Whenever you temporarily move to a new country, there is always a ton of paperwork to be done. So on Friday August 31st when we were informed that we would have to go apply for our alien registration cards, we expected to spend the majority of our day in a hot, stuffy office room. We were partially right. The alien registration building overlooked a busy intersection at the 안국 (Anguk) stop on the 2 line. Seoul’s beauty and majestic location amidst mountains will always leave us breathless because the first thing I spotted, past the skyscrapers and officetels, were the lush green hills in the distance. Always a breath taking sight especially to a native New Yorker, Seoul’s cityscape clashing against its natural, sloping terrain will never cease to amaze me.

Turns out not only was the alien registration office hot, stuffy and crowded to the brim with anxiously waiting foreigners, but it also had an impossibly long wait. The number on the board showed it was up to 204. We looked at our tickets: 554. Great. Just 354 people to go.

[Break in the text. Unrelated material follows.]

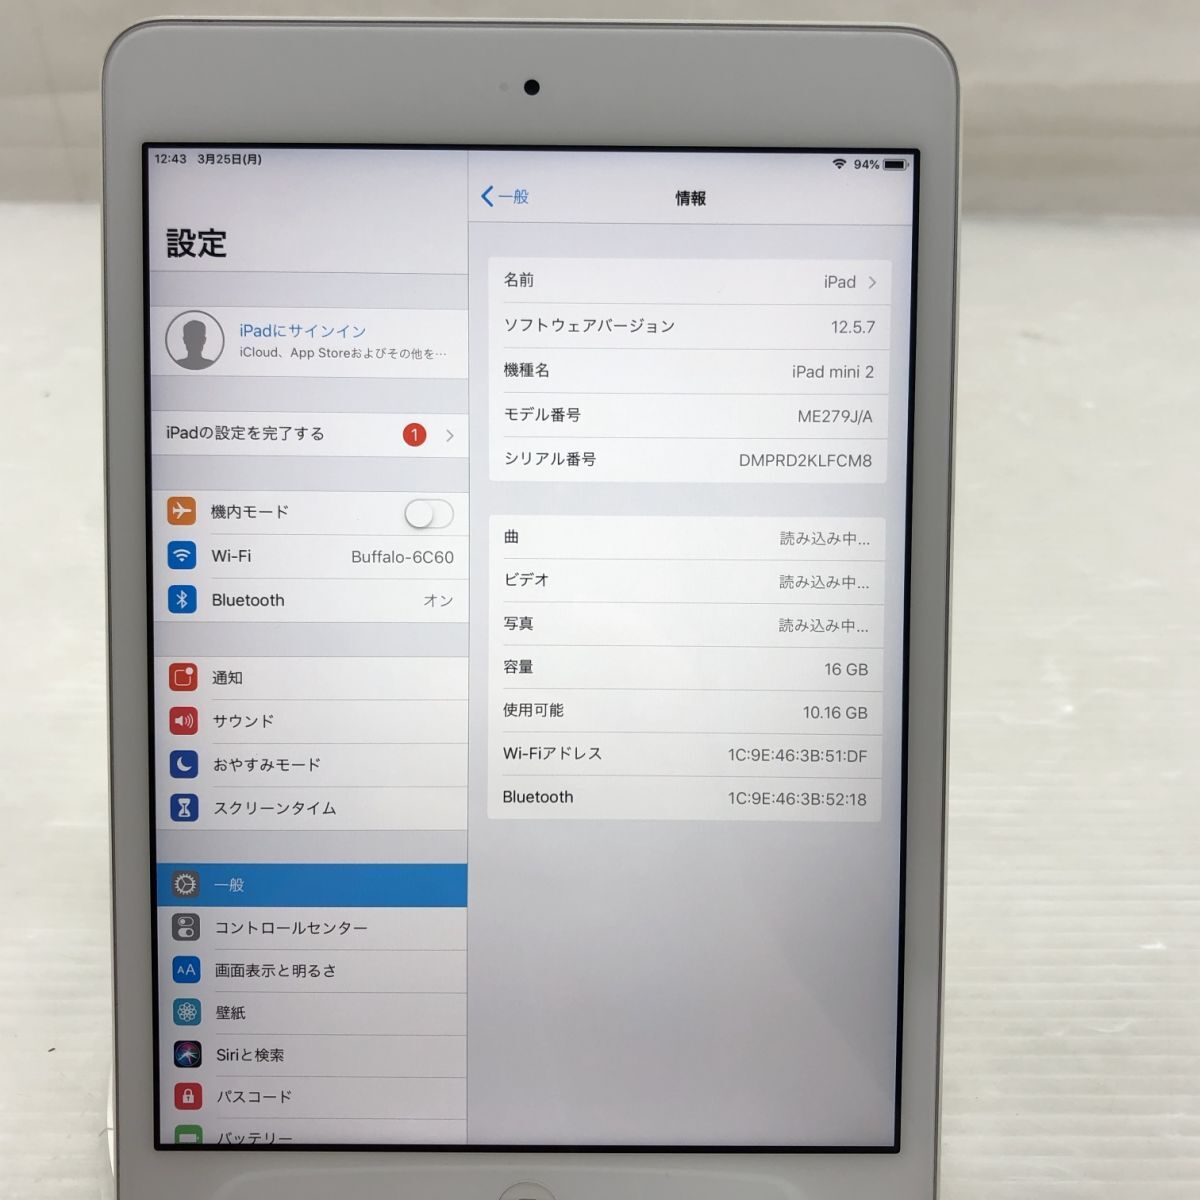 1 иен [ Junk ]Apple iPad mini 2 ME279J/A A1489 T011285[ перевод есть ]

Luckily, the office was just a couple of blocks away from a popular tourist district:인사동 (InsaDong). Famous for its traditional artwork and antique stores, Insadong was quaint and picturesque compared to the busy flocks of Myeongdong and Dongdaemun. Despite the young crowd, the shop owners and street vendors were all from an older demographic, peacefully selling their work and pottery in small crowded stores with stands to display what they stocked inside. We passed rows and rows of beautifully crafted silk fans, artfully molded porcelain vases and stores that held intricate head pieces to wear with the Korean traditional costumes, 한복.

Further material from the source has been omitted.